------ SUPPLIED MATERIAL

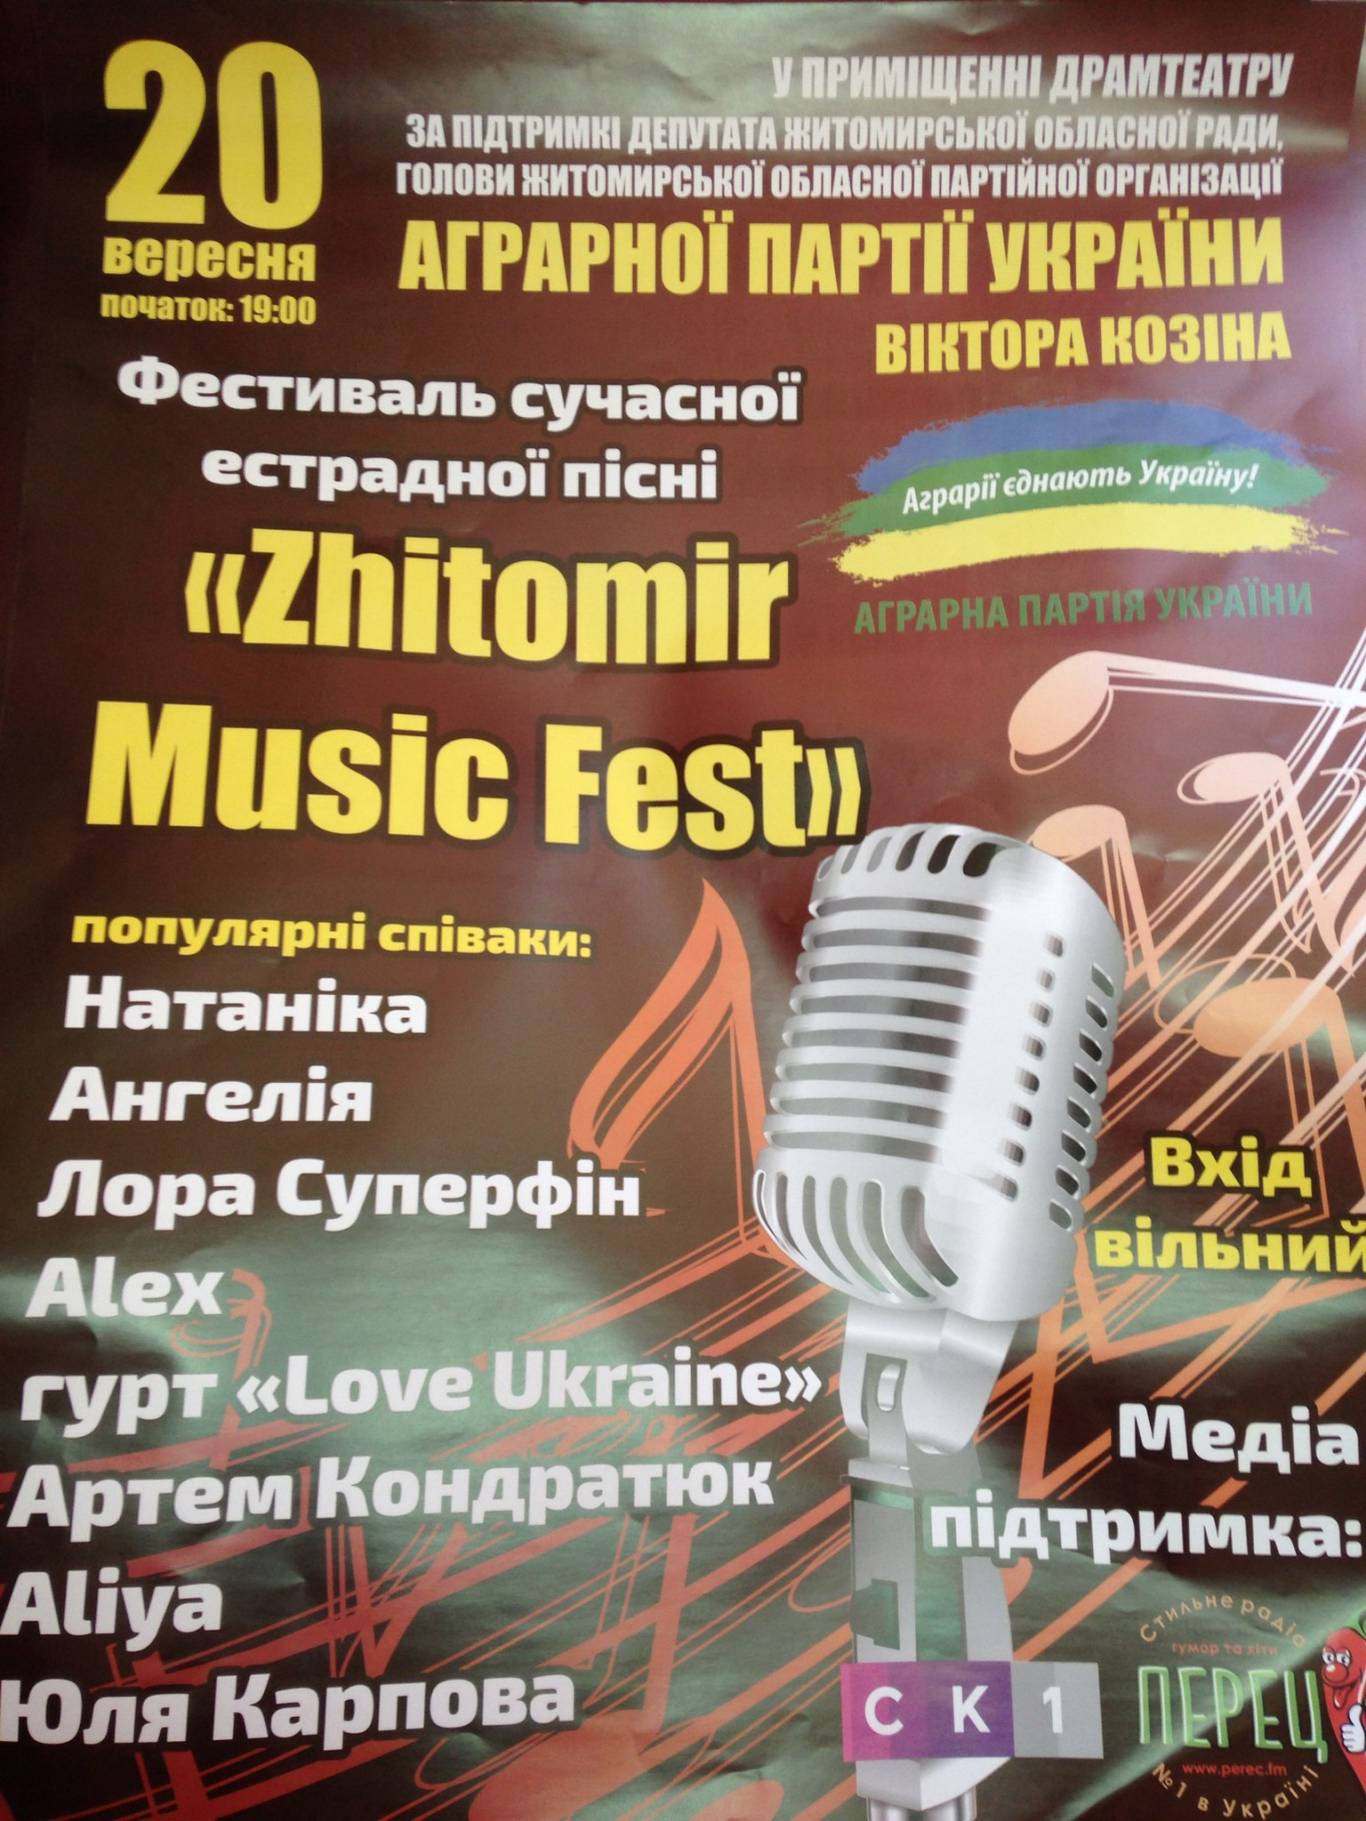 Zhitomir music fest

------------
------ SUPPLIED MATERIAL

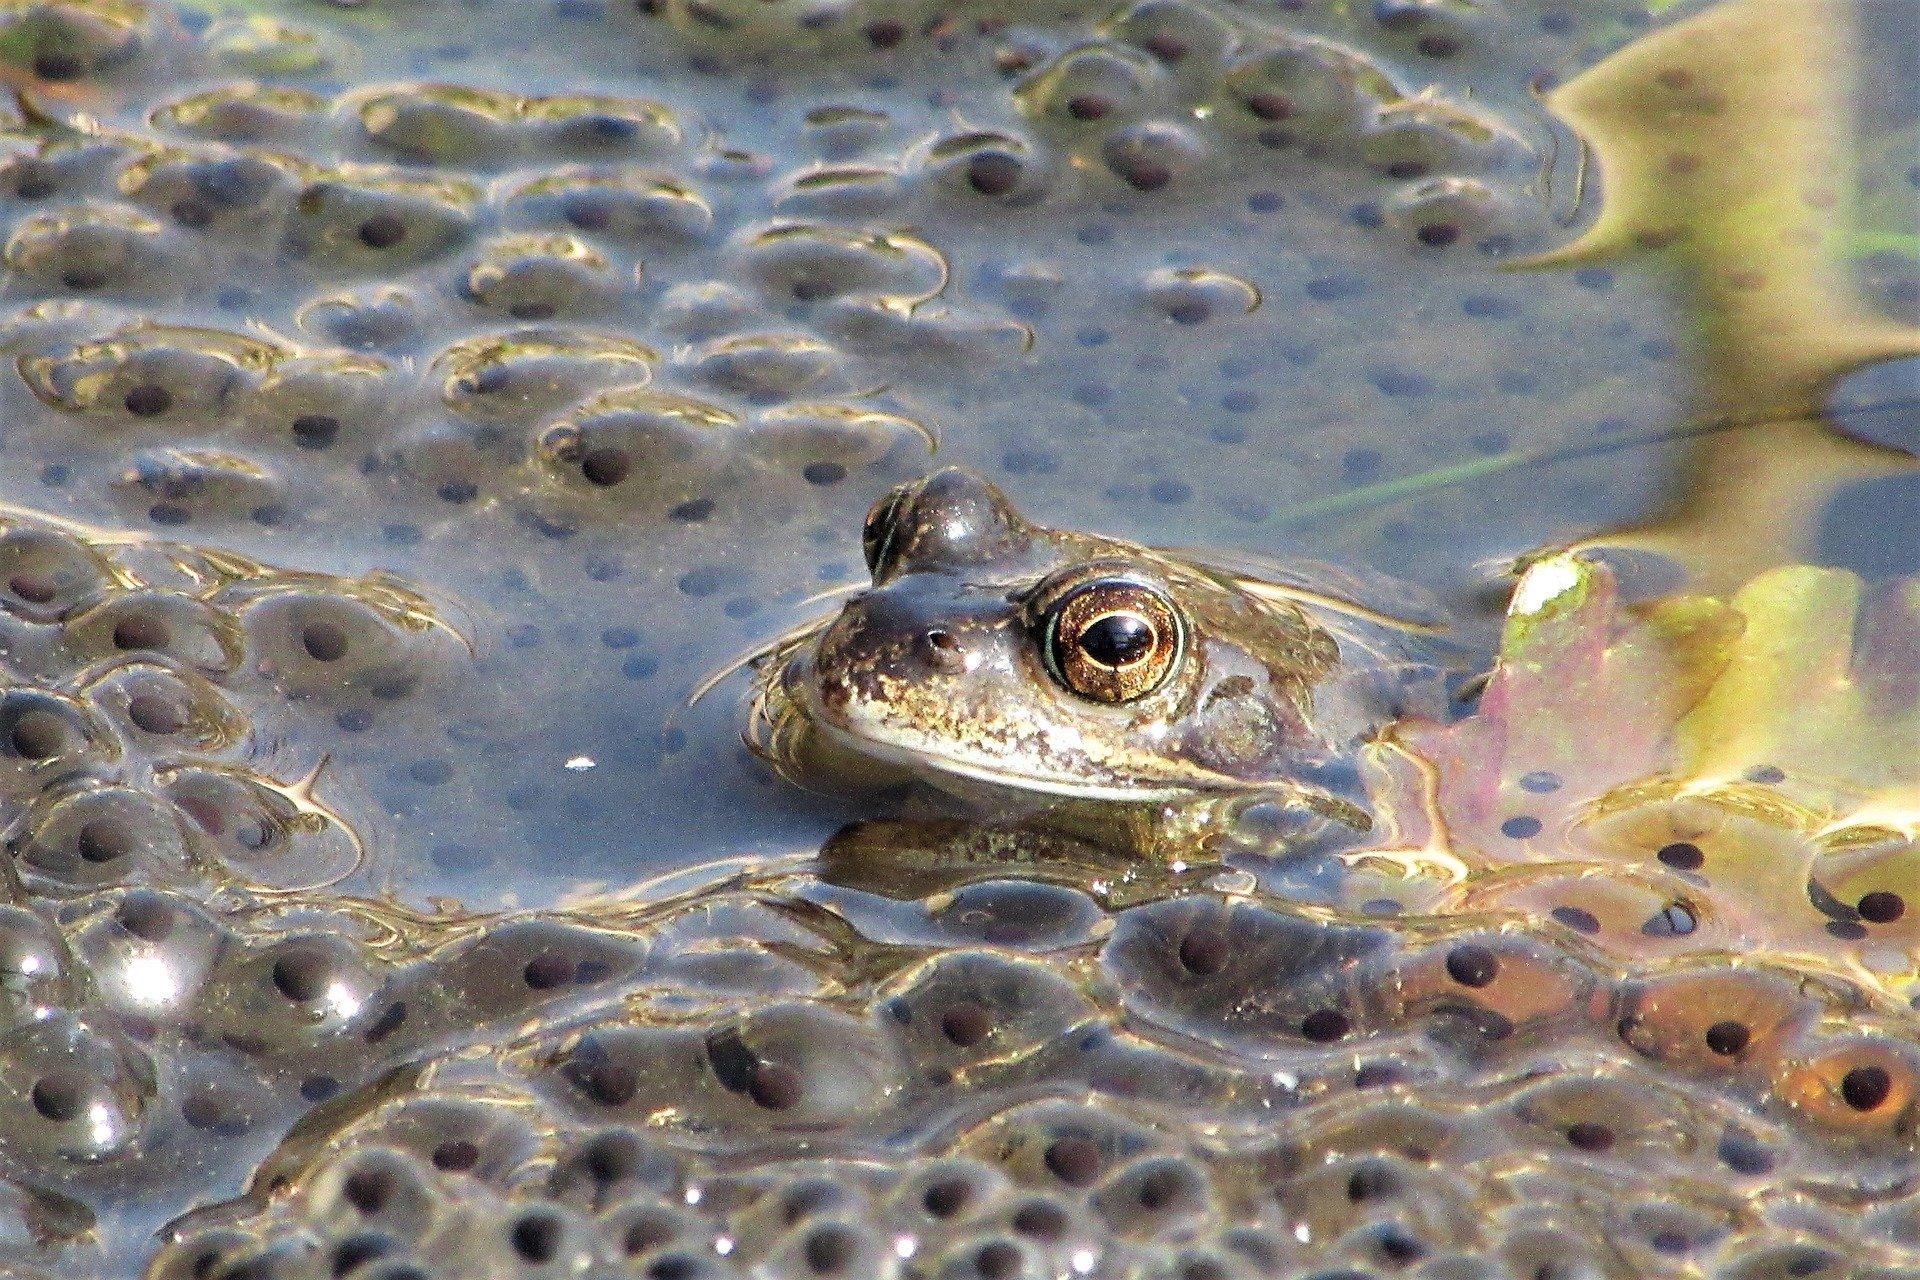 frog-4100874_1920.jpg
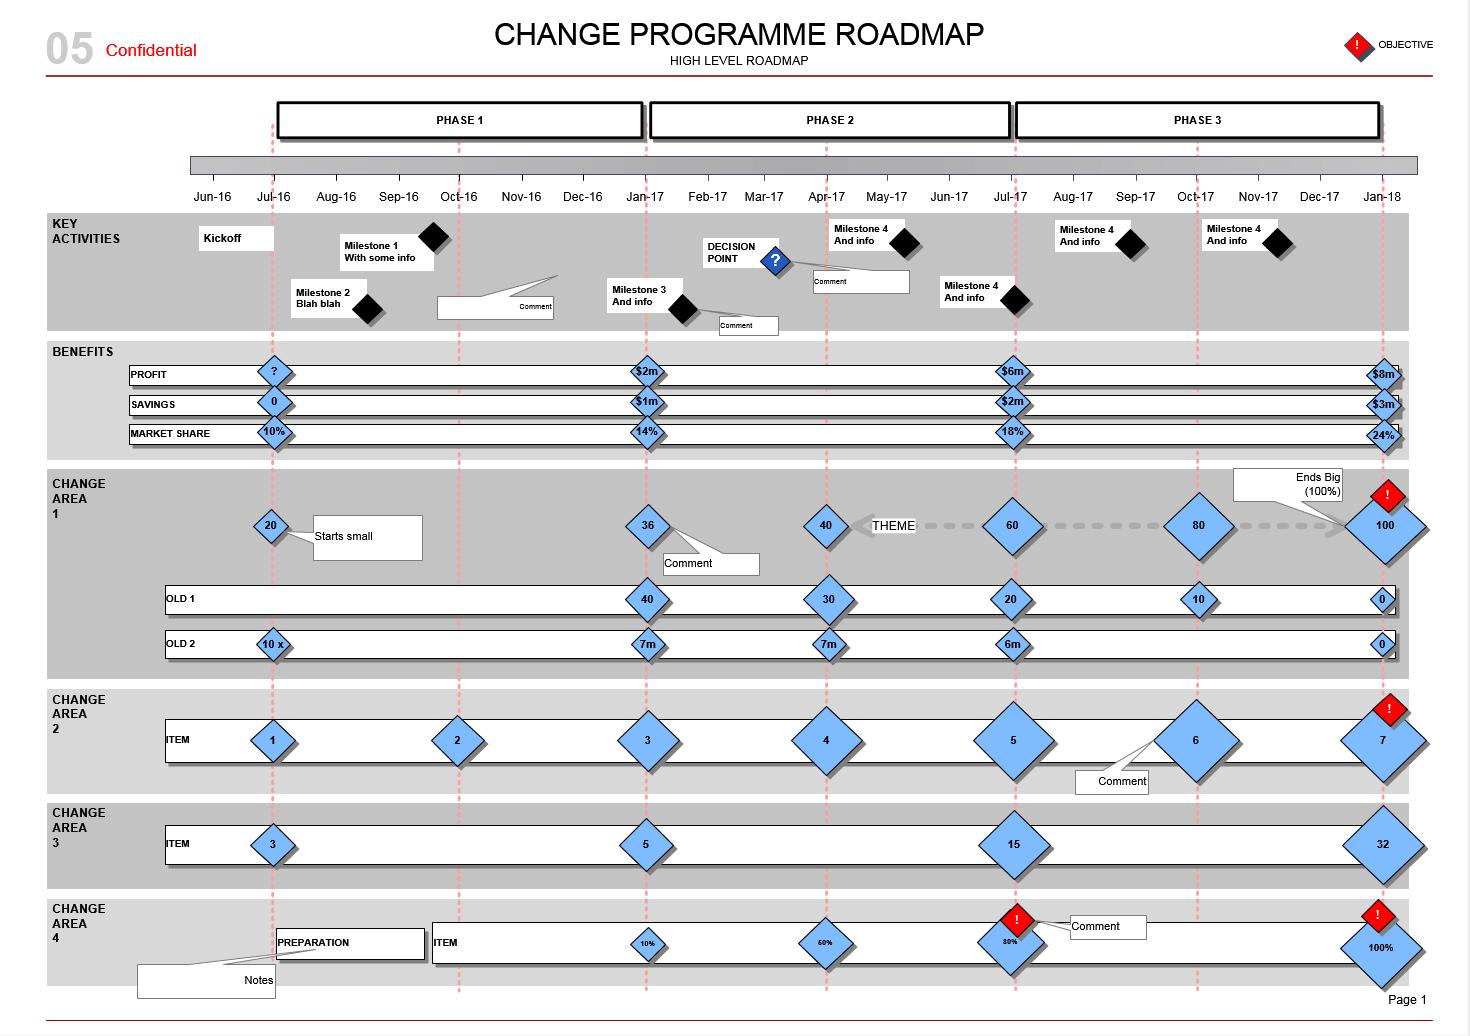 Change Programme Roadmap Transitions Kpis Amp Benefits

------------

> [EXERCISE OBJECTIVE]:
Copy exactly the part of the material above that opens with the line containing "frog-4100874_1920.jpg" and closes with the line containing "Change Programme Roadmap", ends included. Drop the images.

> [TASK ANSWER]:
 frog-4100874_1920.jpg
 Change Programme Roadmap Transitions Kpis Amp Benefits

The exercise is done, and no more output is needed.